**Task material**
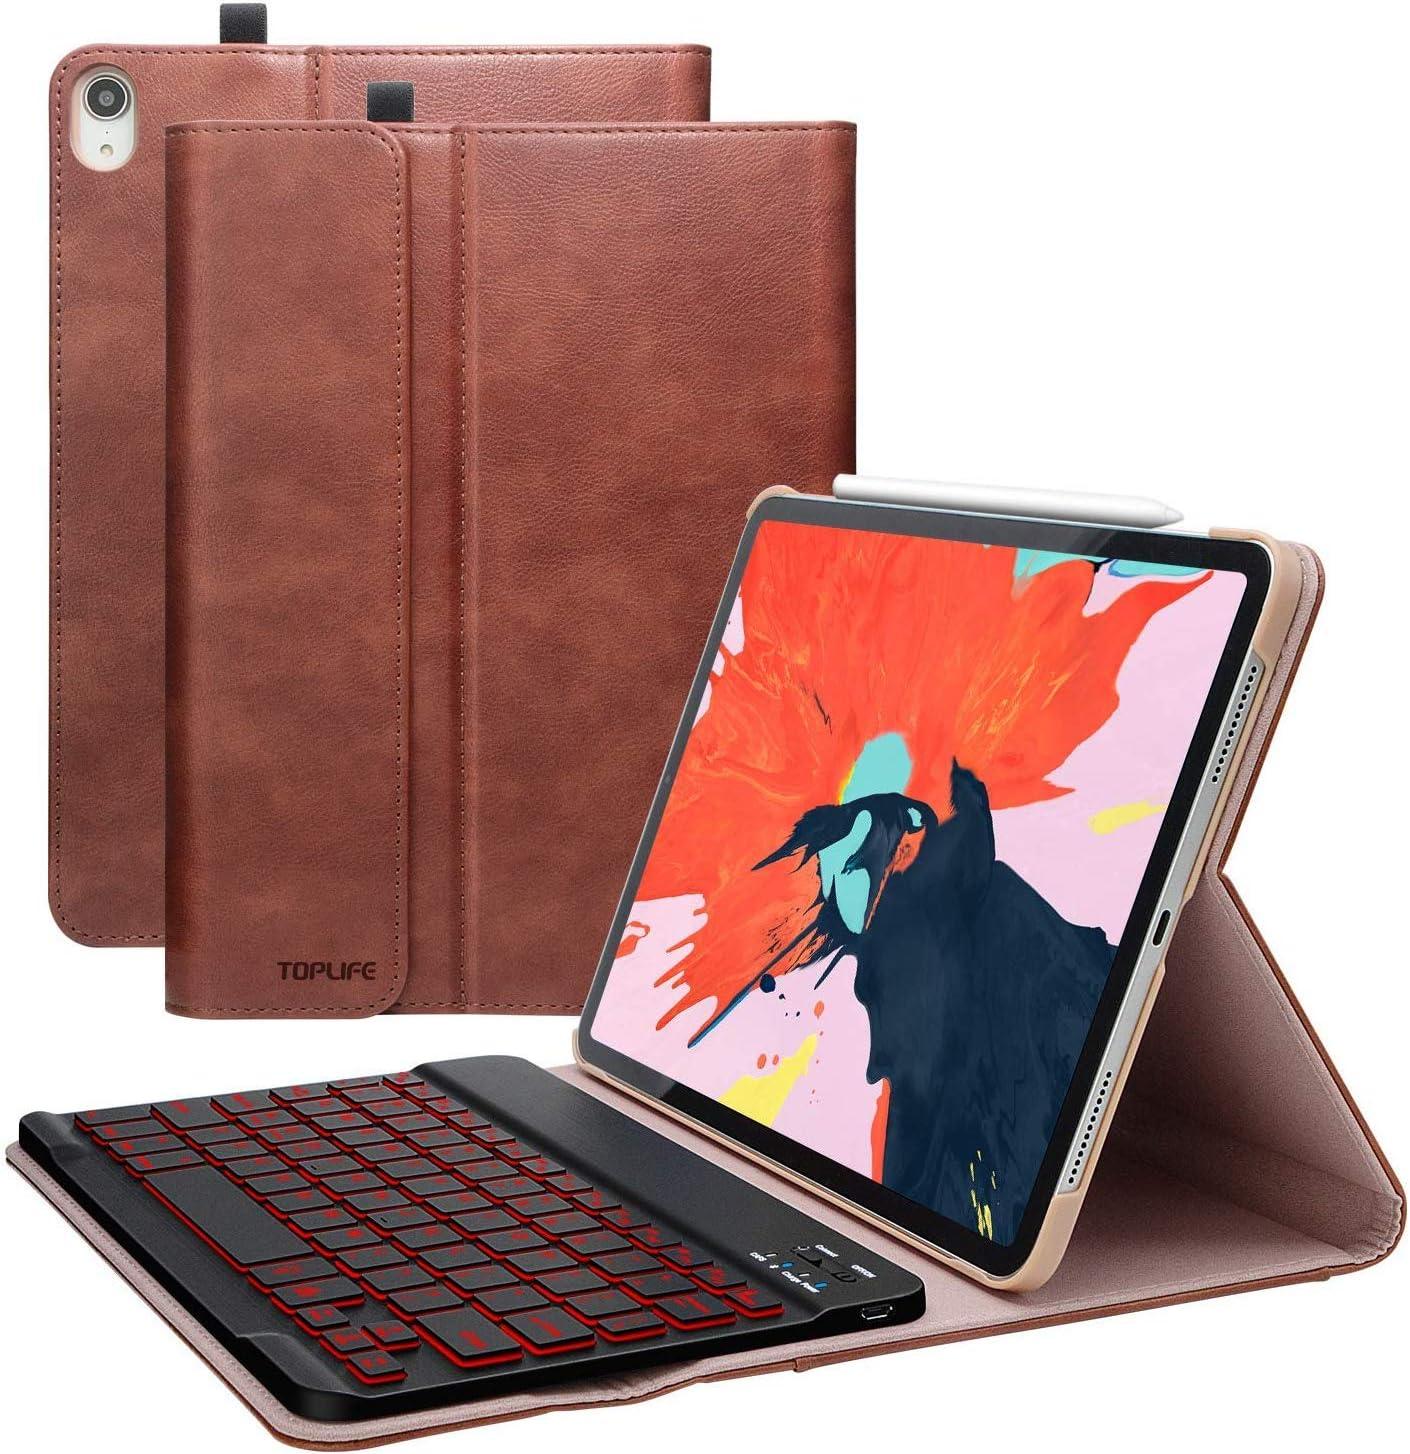 TOPLIFE Funda con Teclado iPad 11, Funda iPad 11
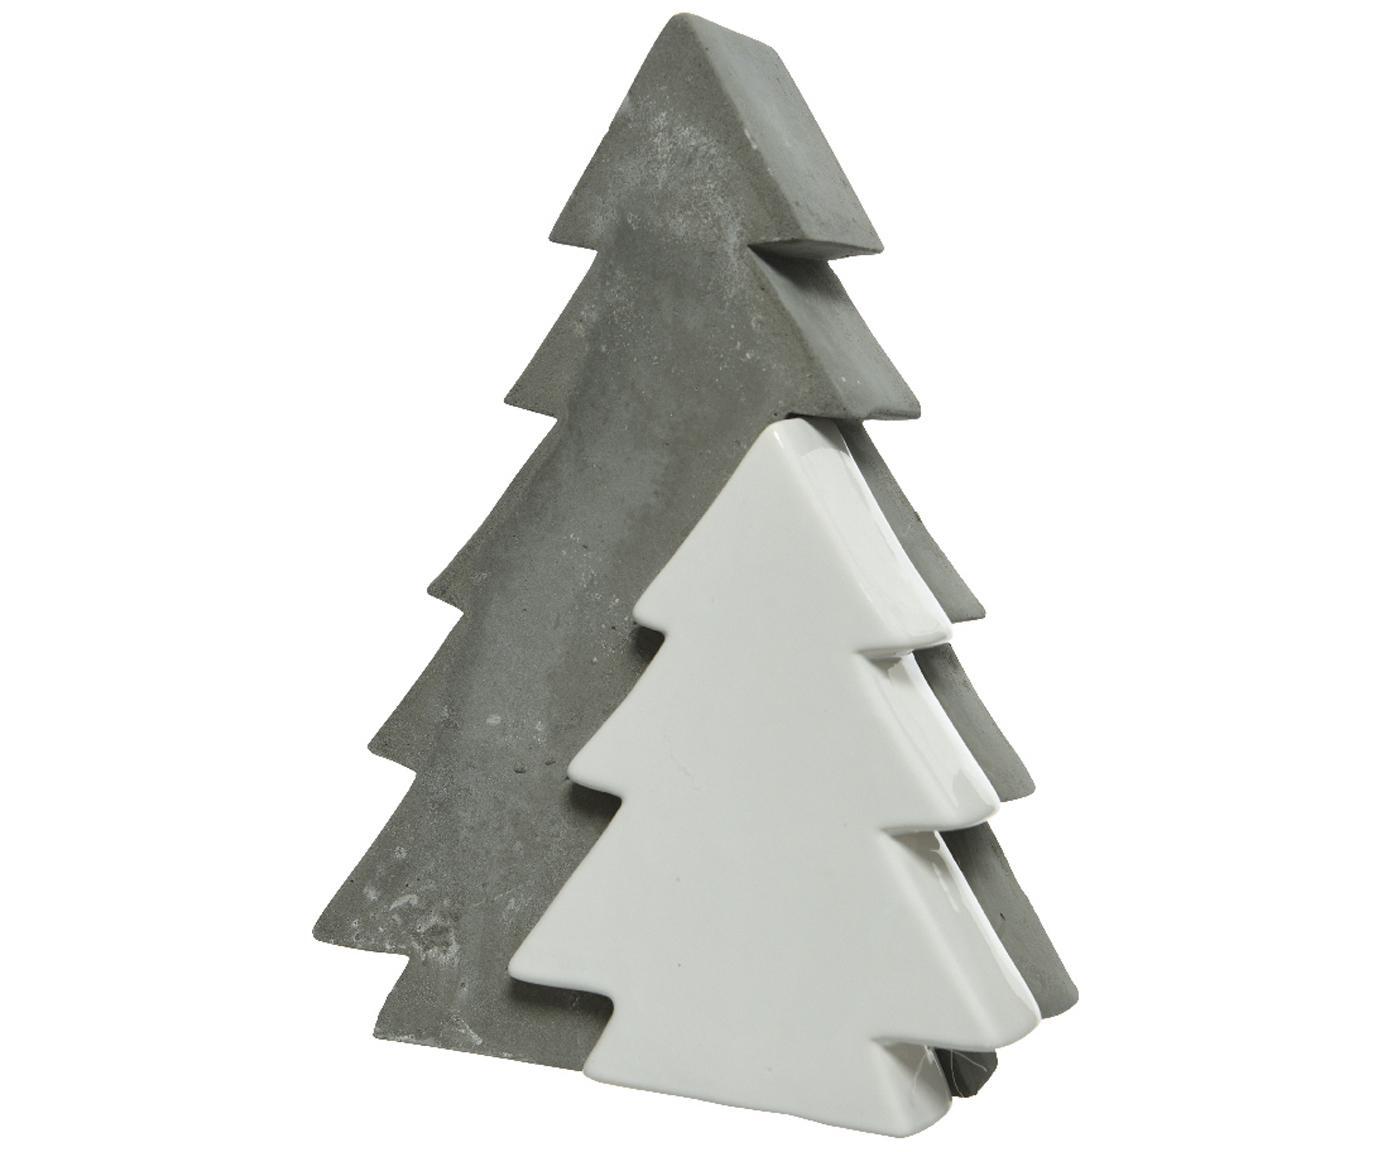 Deko-Objekt Joseph, Zement, teilweise beschichtet, Grau, Weiss, 14 x 22 cm
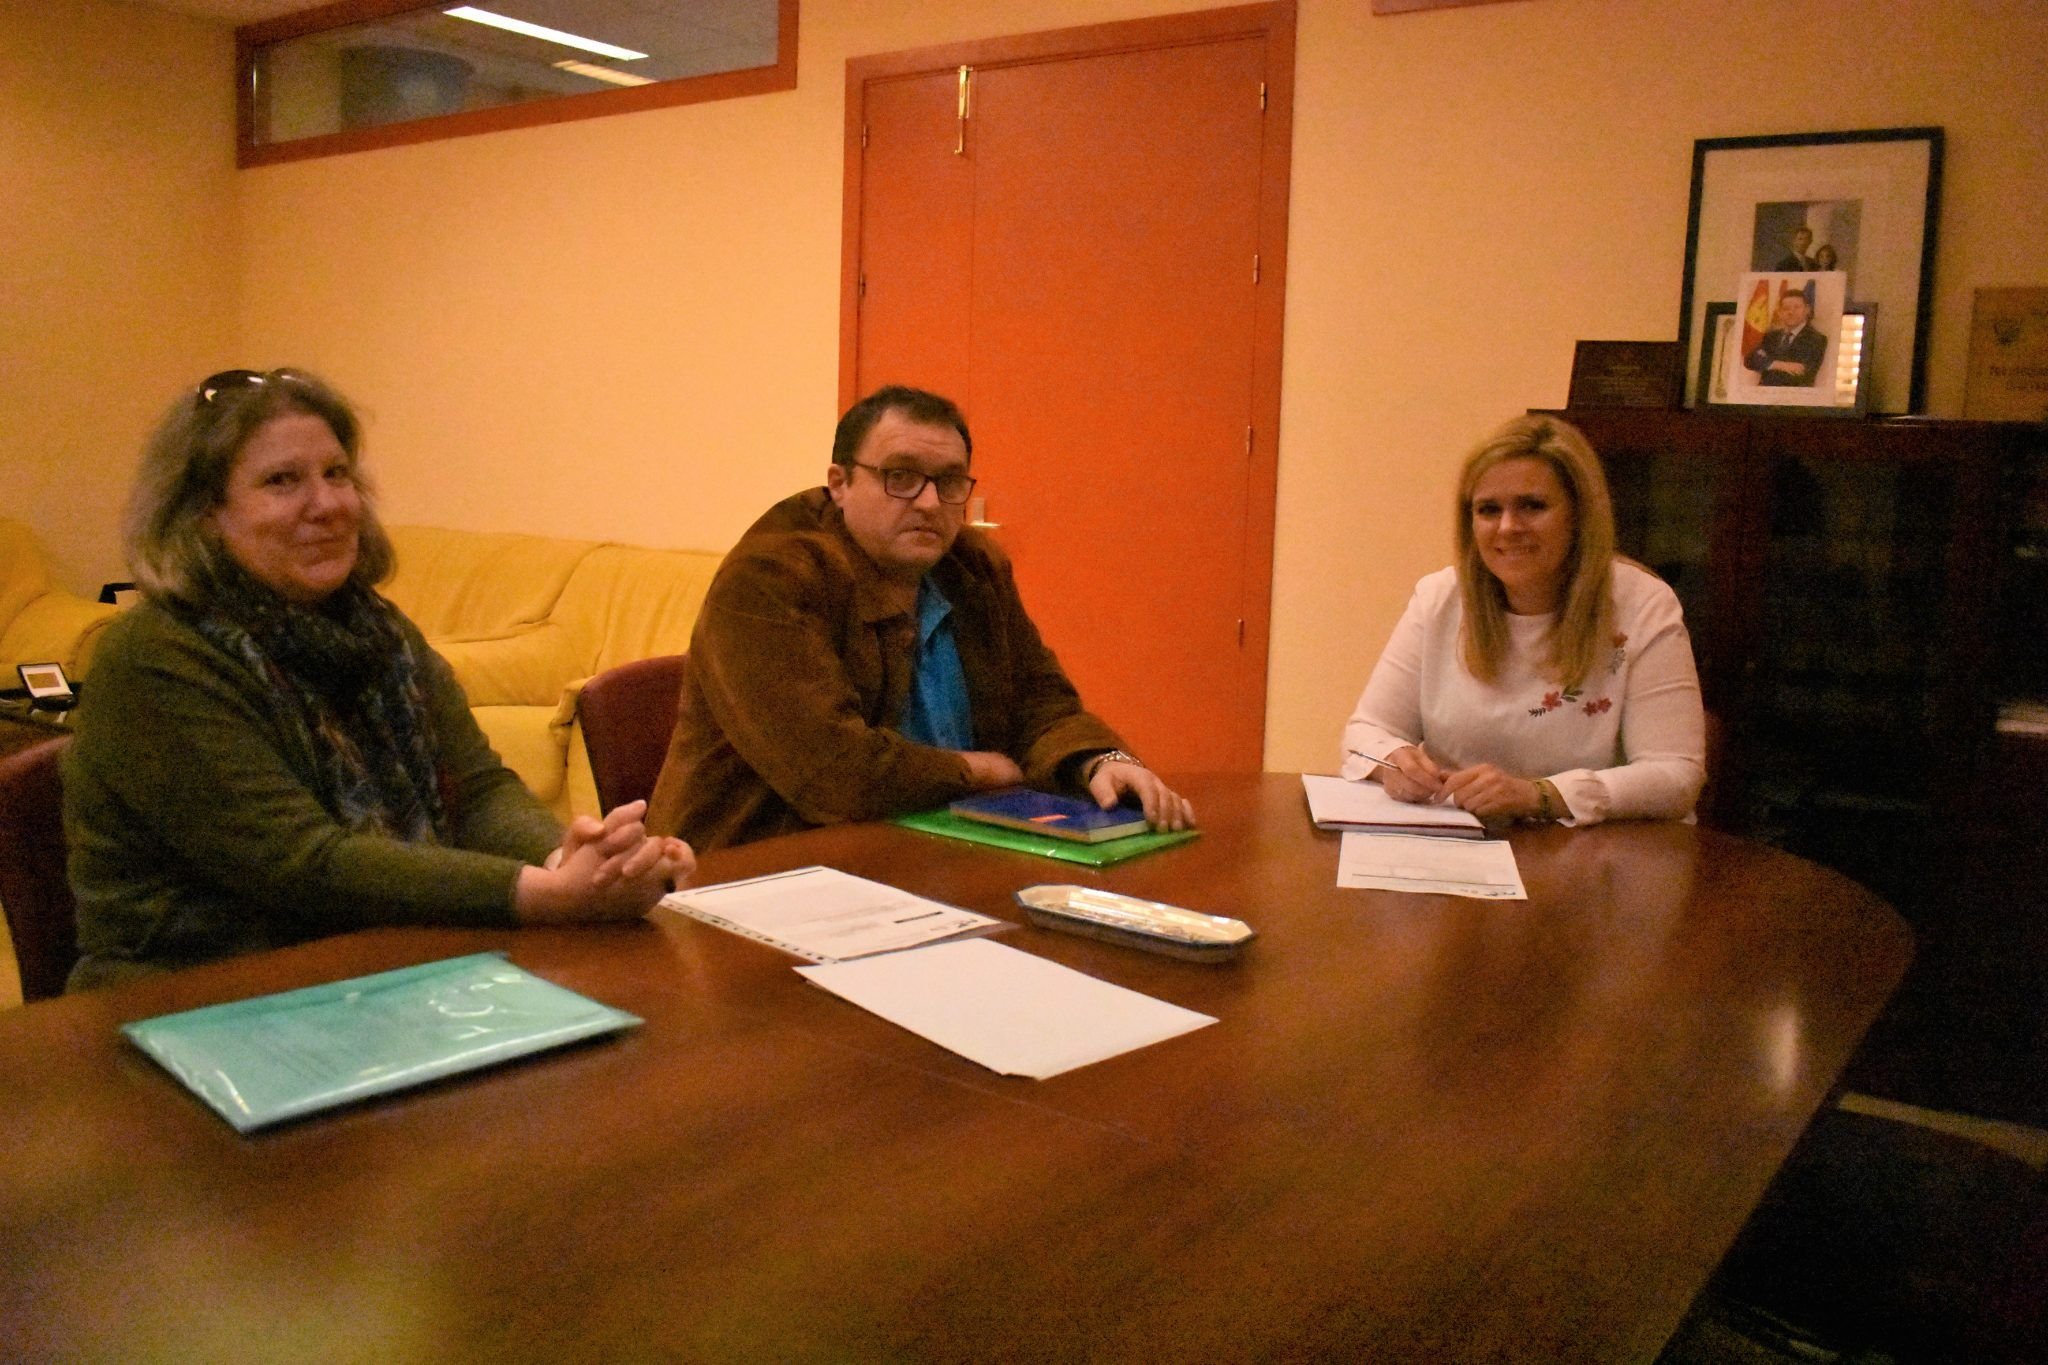 foto alcalde de paredes 2048x1365 1 | Informaciones de Cuenca
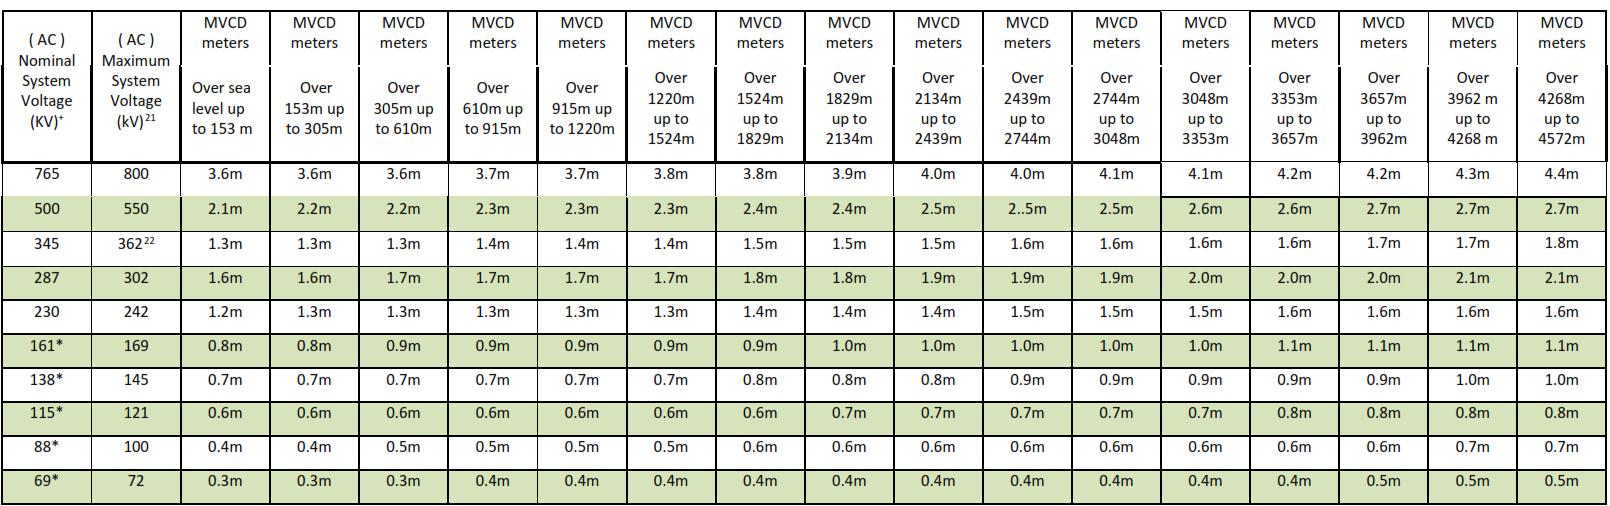 Minimum Vegetation Clearance Distances
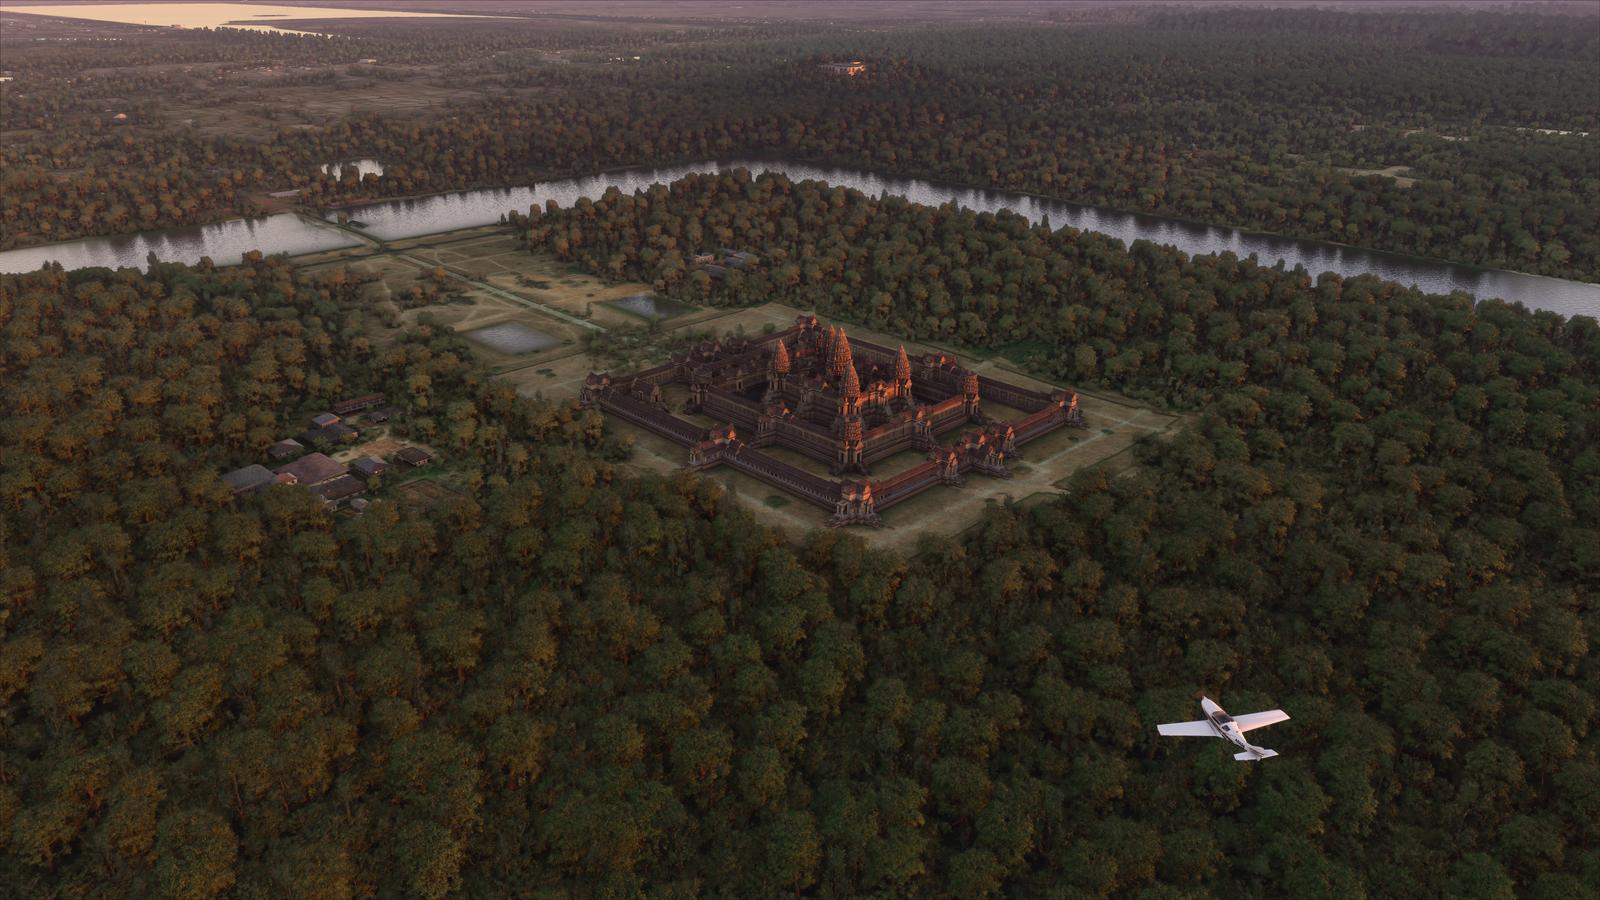 VL3_NYT_7K_Angkor

**Task item**
Leave out the pictures and transcribe the entries above exactly.

**Answer space**
 TOPLIFE Funda con Teclado iPad 11, Funda iPad 11
 Deko-Objekt Joseph, Zement, teilweise beschichtet, Grau, Weiss, 14 x 22 cm
 foto alcalde de paredes 2048x1365 1 | Informaciones de Cuenca
 Minimum Vegetation Clearance Distances
 VL3_NYT_7K_Angkor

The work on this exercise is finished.